Friday, February 08, 2008

Parshas Terumah 5768

דַּבֵּר אֶל-בְּנֵי יִשְׂרָאֵל, וְיִקְחוּ-לִי תְּרוּמָה: מֵאֵת כָּל-אִישׁ אֲשֶׁר יִדְּבֶנּוּ לִבּוֹ, תִּקְחוּ אֶת-תְּרוּמָתִי.
“Speak to the B'nei Yisrael and have them give Me a terumah-offering. From every man whose heart impels him to generosity shall you take My terumah-offering.”

This week’s parsha starts off by talking about the different donations given to the Mishkan. The Torah starts off by talking about a person who gives Terumah, but uses the phrase “VAYIKCHU li terumah”, literally, when you TAKE for me Terumah. If the Torah is talking about one who is GIVING terumah, why does it use the seemingly opposite word “TAKE”? The famous answer from the Beis haLevi goes something like this…

The only things that we really “own” in life are those that are eternal. Sure, we have cars, homes, fancy things – but none of these items are eternal, so our ownership of these things is limited. However, when one takes something like money, which is not eternal, and gives it to Tzedaka, the money has transformed from something fleeting into a Mitzvah – something eternal. Thus, we see that “Vayikchu li Terumah” teaches us that when we give Terumah to the Mishkan, we have transformed this money into something eternal, and therefore, while we are technically giving to the Beis haMikdash – in reality, we’re really TAKING something for ourselves…we take that transformation of the fleeting money into an eternal merit.

Chazal in the Medrash to Parshas Bo tell us that, “More than the money that the Ba’al haBayis gives to the poor person, the poor person gives to the Ba’al haBayis.” How is this so? Typically, in a Tzedaka situation, we view the Ba’al haBayis as the giver and the poor person as the receiver. However, in light of what we read above, we see that really these distinctions aren’t so clear; the poor person, while receiving the money, is really a “giver” in the sense that he enables the Ba’al haBayis to do a Mitzvah – and the Ba’al haBayis, while giving the money, is really a receiver in the sense that he reaps the reward and merit for his gift.
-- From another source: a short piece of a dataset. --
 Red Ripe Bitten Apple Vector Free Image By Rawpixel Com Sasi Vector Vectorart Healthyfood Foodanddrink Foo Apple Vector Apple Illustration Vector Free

One final example where the distinctions between giver and receiver are not so clear: the Gemara in Kiddush tells us that for a marriage to be valid, the man must give the ring to a woman. However, there is one exception where the marriage can be valid if the woman gives the ring to a man: if the man is an “Adam Chashuv/important person.” The gemara explains that while it seems like the man, in this case, is receiving something and the woman giving it, that isn’t the case. If I bring a gift to the President, and he accepts it, I will get great joy out of this. So too in our case above; the woman, by giving the ring to a very important man, while technically a “giver” in that she gives the ring to the man, is, in reality, a receiver, because she gets the joy out of knowing that the very important man retains her present.

I think the lesson to be learned is an obvious, yet profound one. We see it in marriage and in friendships alike – the only time we get anything from a relationship, or from life in general, is when we give, or put work into that venture. The more work we put in to maintain these relationships and to achieve things in life, the more benefit we will receive from them. Again, while it seems that we are the “giver” in the sense that we are putting all of this work in, we learn from the second Pasuk in this week’s parsha and throughout Chazal, that the one who wants to receive anything must be a giver.